# 240 volt three phase WYE?



## K2500 (Mar 21, 2009)

I'm not sure how it could, the math doesn't work.


----------



## Pete m. (Nov 19, 2011)

Didn't think it existed but who am I to question an electrical engineer.:blink:

Pete


----------



## gnuuser (Jan 13, 2013)

K2500 said:


> I'm not sure how it could, the math doesn't work.


I agree but heres a guide (pdf on transformers)

http://www.engineerjohn.com/ncsu5/ABB_Distribution_Transformer_Guide.pdf

it may help give more options


----------



## RePhase277 (Feb 5, 2008)

The engineer pulled the wrong spec from his Big File of Copy-and-Paste Plan Specs.

They ought to outlaw engineered electrical plans. Electrical installations across the continent would then be designed and evaluated by ACTUAL electricians and inspectors. And, I'm sure, improve in quality.


----------



## triden (Jun 13, 2012)

An engineer made a mistake. That's impossible.



Pete m. said:


> Didn't think it existed but who am I to question an electrical engineer.:blink:
> 
> Pete


You should if you find a mistake. Most engineers would be happy you found it.


----------



## Rollie73 (Sep 19, 2010)

Sure it exists....on paper, in the engineers twisted little world. 

Engineers never make mistakes.....they make revisions.


----------



## BBQ (Nov 16, 2010)

Maybe the EE is fine with 138 volt L to N & G.


----------



## micromind (Aug 11, 2007)

BBQ said:


> Maybe the EE is fine with 138 volt L to N & G.

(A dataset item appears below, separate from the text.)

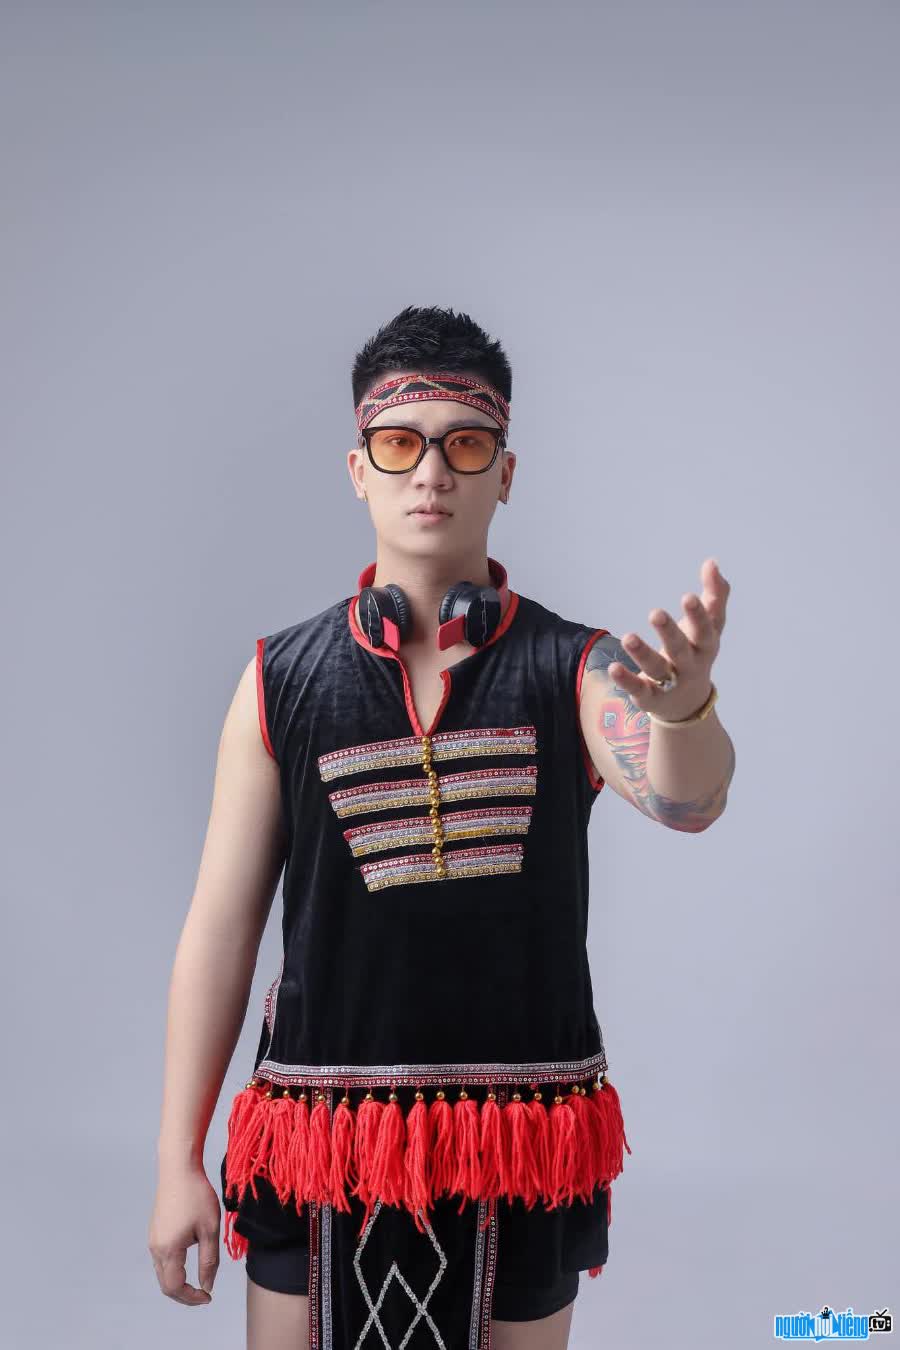 New picture of DJ Tung Xeng

Lol. I know what you mean, and such a system could indeed be connected, but the OP stated 120/240; which, as you know, does not exist. 

Some generators list 138/240 on the nameplate as well as the more standard voltages.


----------



## micromind (Aug 11, 2007)

InPhase277 said:


> They ought to outlaw engineered electrical plans. Electrical installations across the continent would then be designed and evaluated by ACTUAL electricians and inspectors. And, I'm sure, improve in quality.


I agree 100%!! Electrical engineering is, in my opinion, the most worthless trade that has ever existed. 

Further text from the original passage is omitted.